Task item — Apart from the pictures, every line below is to be set down exactly.

Collected data —
━━━

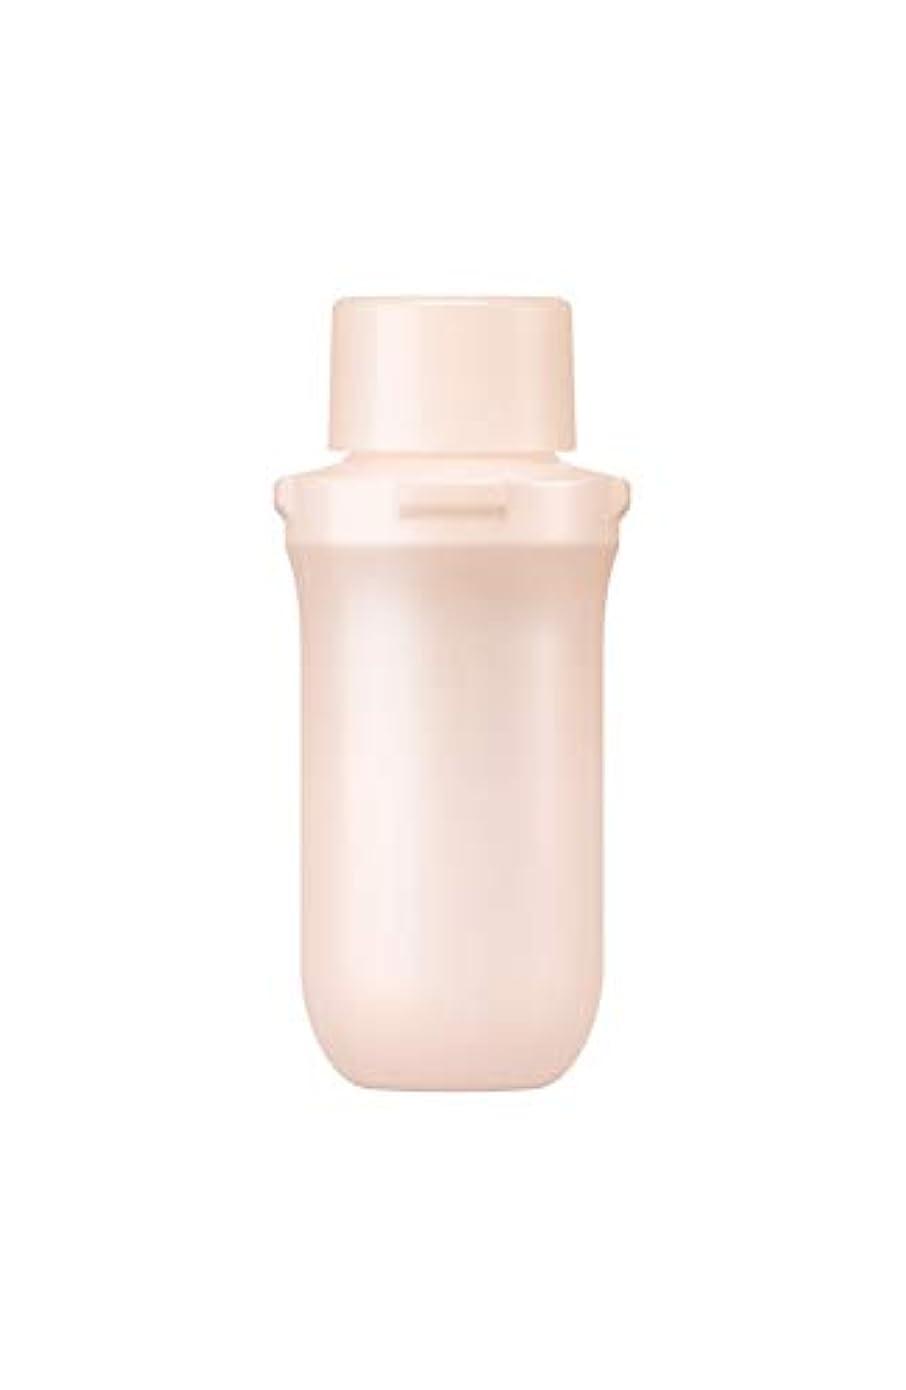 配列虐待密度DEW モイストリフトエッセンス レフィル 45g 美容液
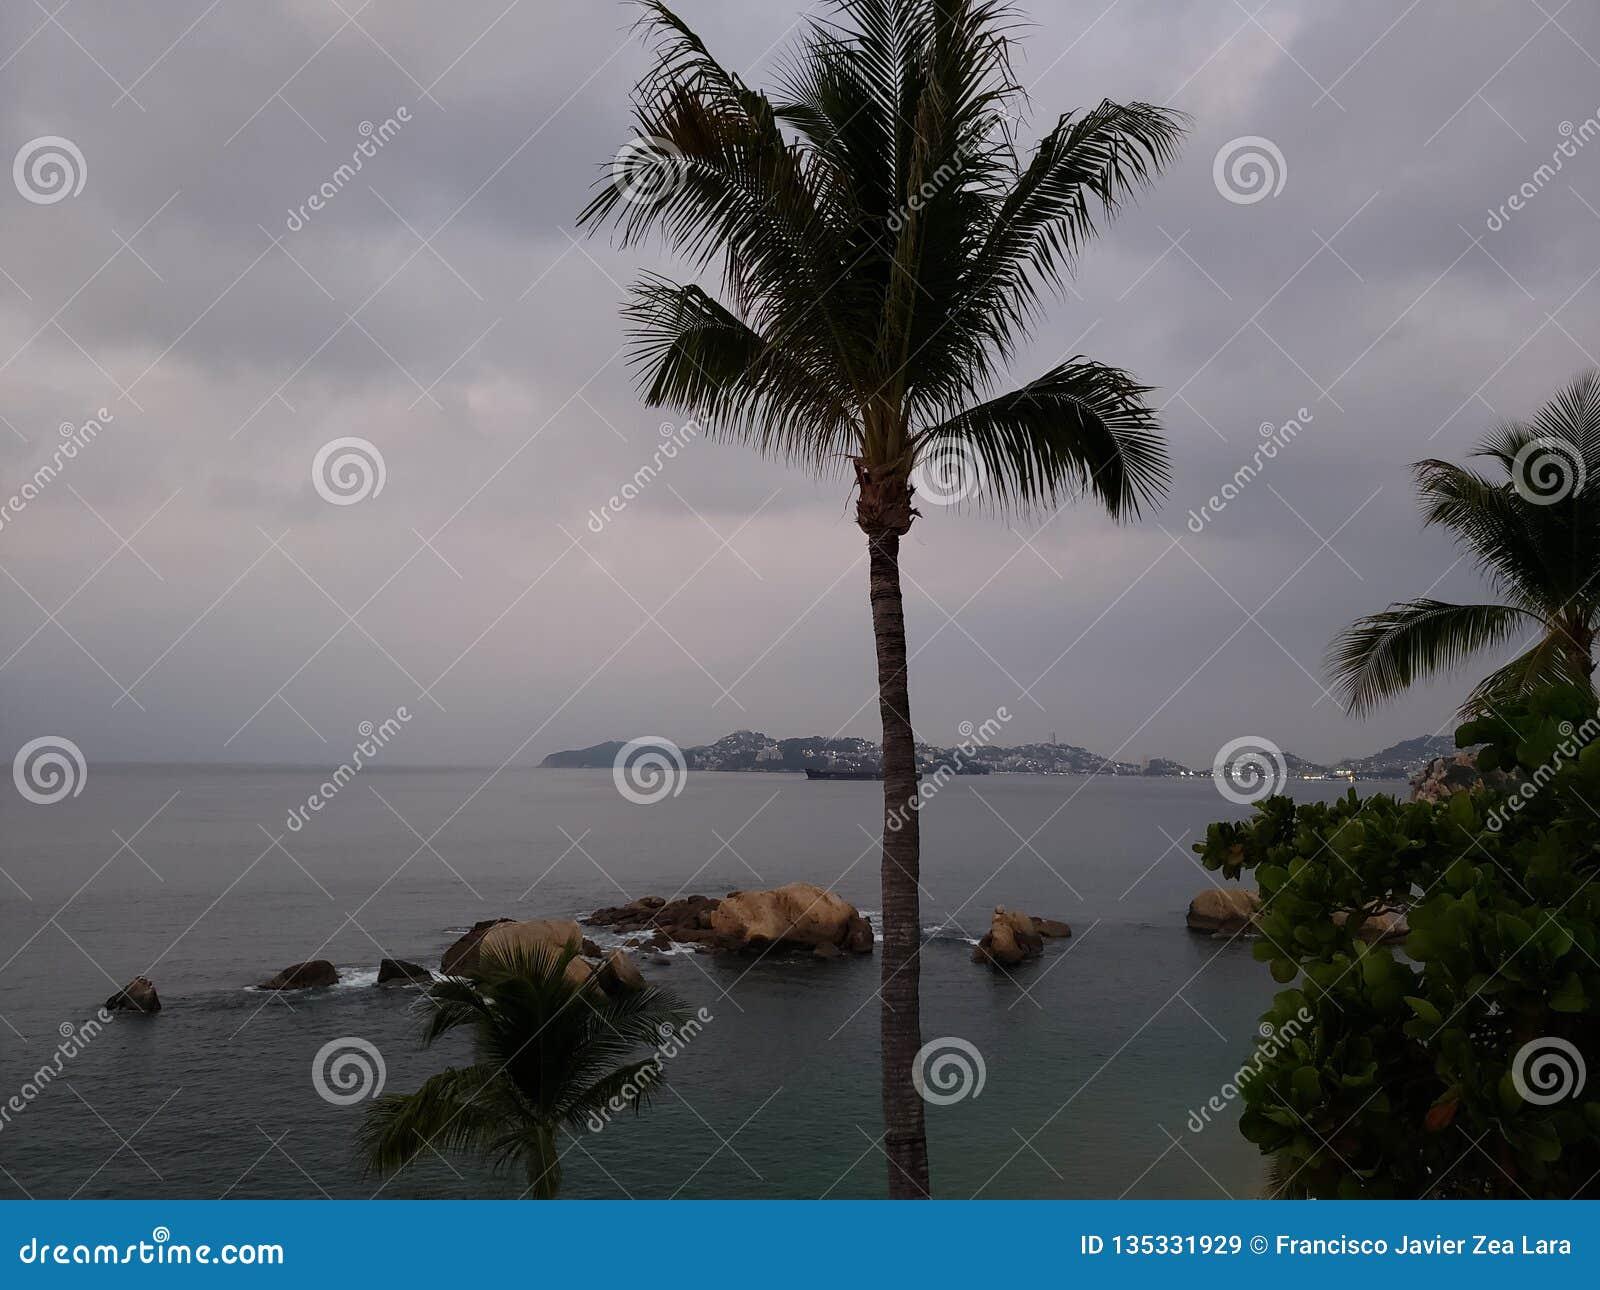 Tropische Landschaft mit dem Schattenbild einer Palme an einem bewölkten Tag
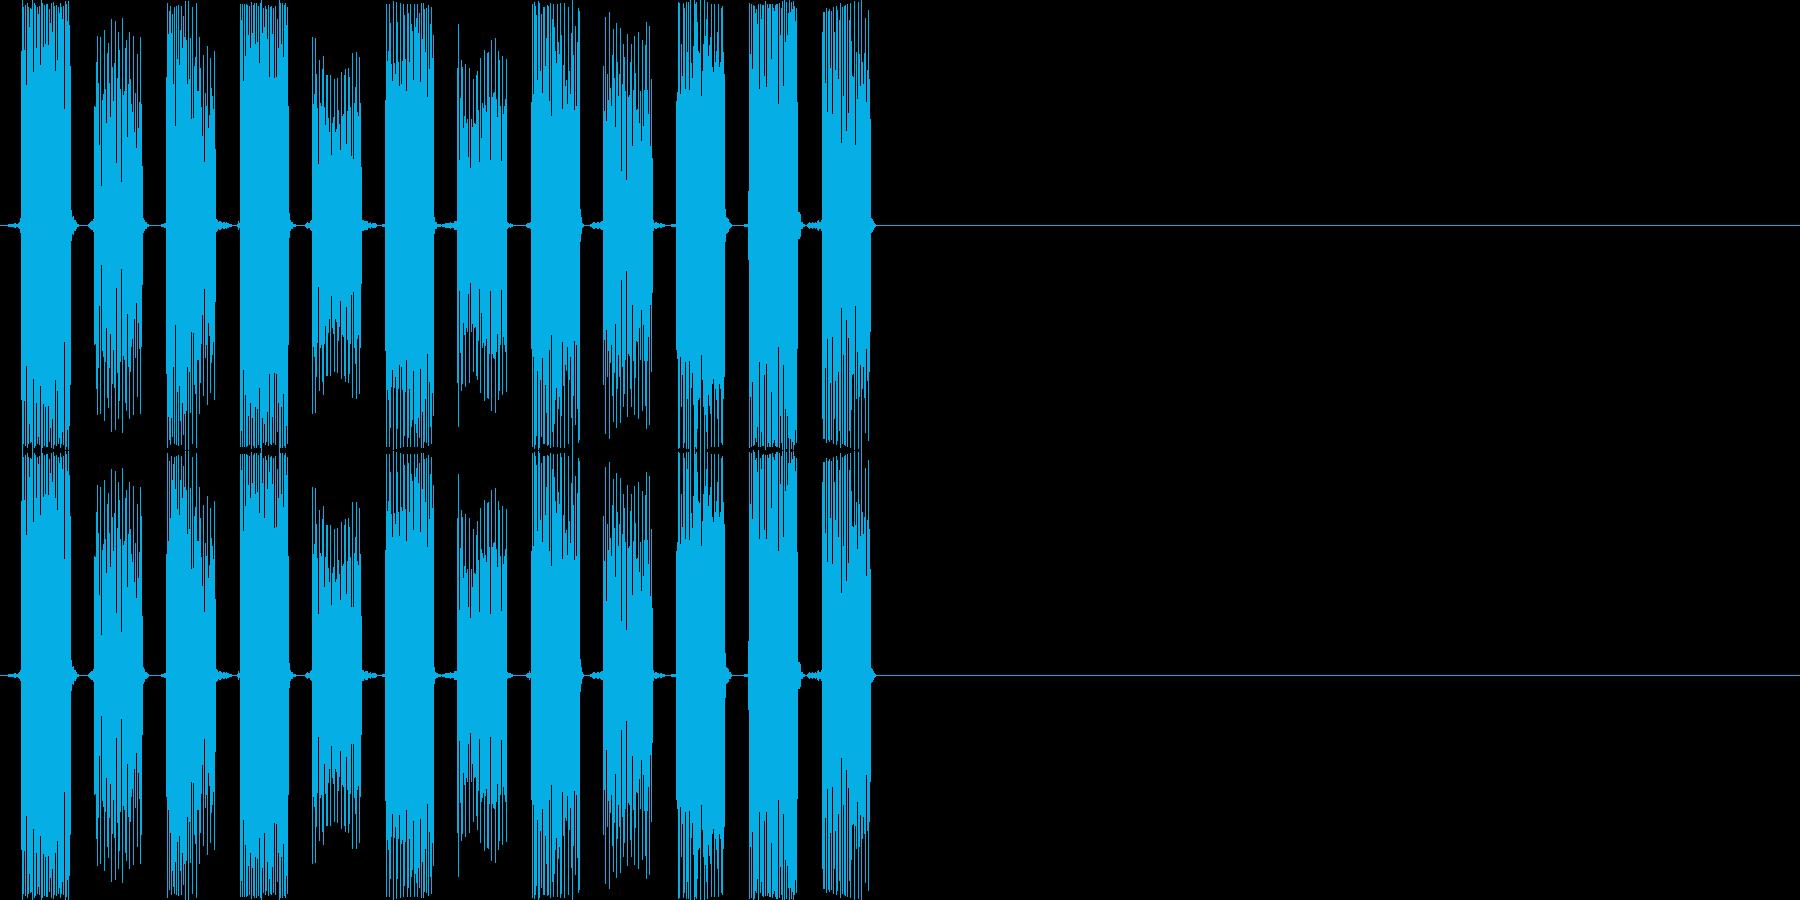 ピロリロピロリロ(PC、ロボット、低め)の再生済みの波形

━━━

Response to this exercise —
 配列虐待密度DEW モイストリフトエッセンス レフィル 45g 美容液
 Tropische Landschaft mit dem Schattenbild einer Palme an einem bewölkten Tag
 ピロリロピロリロ(PC、ロボット、低め)の再生済みの波形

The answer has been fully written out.